Performance of a Large Language Model in the Generation of Clinical Guidelines for Antibiotic Prophylaxis in Spine Surgery

Bashar ZAIDAT; Nancy SHRESTHA; Ashley M ROSENBERG; Wasil AHMED; Rami RAJJOUB; Timothy HOANG; Mateo Restrepo MEJIA; Akiro H DUEY; Justin E TANG; Jun S KIM; Samuel K CHO

Return

Performance of a Large Language Model in the Generation of Clinical Guidelines for Antibiotic Prophylaxis in Spine Surgery

Author: Bashar ZAIDAT ¹ ; Nancy SHRESTHA ; Ashley M. ROSENBERG ; Wasil AHMED ; Rami RAJJOUB ; Timothy HOANG ; Mateo Restrepo MEJIA ; Akiro H. DUEY ; Justin E. TANG ; Jun S. KIM ; Samuel K. CHO
Author Information

1. Department of Orthopedic Surgery, Icahn School of Medicine at Mount Sinai, New York, NY, Korea
Publication Type:Original Article
From: Neurospine 2024;21(1):128-146
CountryRepublic of Korea
Language:English
Abstract: Objective:Large language models, such as chat generative pre-trained transformer (ChatGPT), have great potential for streamlining medical processes and assisting physicians in clinical decision-making.

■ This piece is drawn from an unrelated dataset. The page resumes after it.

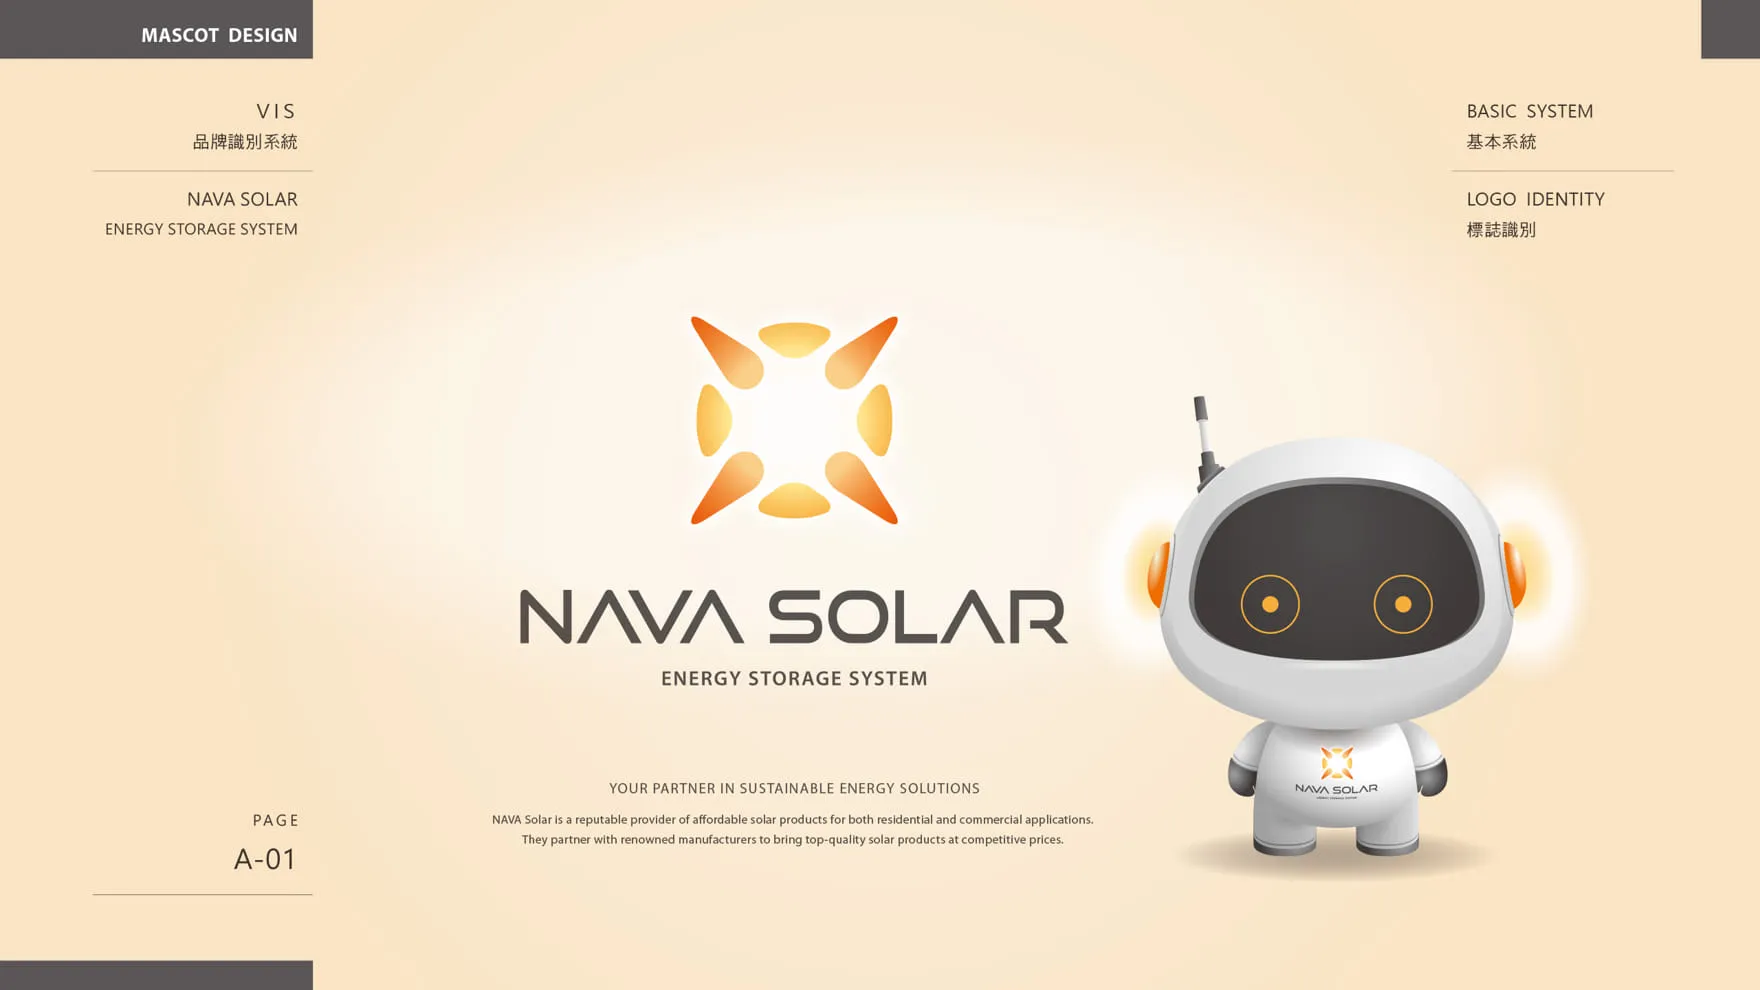 NAVA SOLAR 太陽能光電存儲LOGO品牌吉祥物設計規範 Mascot design

This study aimed to assess the potential of ChatGPT’s 2 models (GPT-3.5 and GPT-4.0) to support clinical decision-making by comparing its responses for antibiotic prophylaxis in spine surgery to accepted clinical guidelines.
Methods:ChatGPT models were prompted with questions from the North American Spine Society (NASS) Evidence-based Clinical Guidelines for Multidisciplinary Spine Care for Antibiotic Prophylaxis in Spine Surgery (2013). Its responses were then compared and assessed for accuracy.
Results:Of the 16 NASS guideline questions concerning antibiotic prophylaxis, 10 responses (62.5%) were accurate in ChatGPT’s GPT-3.5 model and 13 (81%) were accurate in GPT-4.0. Twenty-five percent of GPT-3.5 answers were deemed as overly confident while 62.5% of GPT-4.0 answers directly used the NASS guideline as evidence for its response.
Conclusion:ChatGPT demonstrated an impressive ability to accurately answer clinical questions. GPT-3.5 model’s performance was limited by its tendency to give overly confident responses and its inability to identify the most significant elements in its responses. GPT-4.0 model’s responses had higher accuracy and cited the NASS guideline as direct evidence many times. While GPT-4.0 is still far from perfect, it has shown an exceptional ability to extract the most relevant research available compared to GPT-3.5. Thus, while ChatGPT has shown far-reaching potential, scrutiny should still be exercised regarding its clinical use at this time.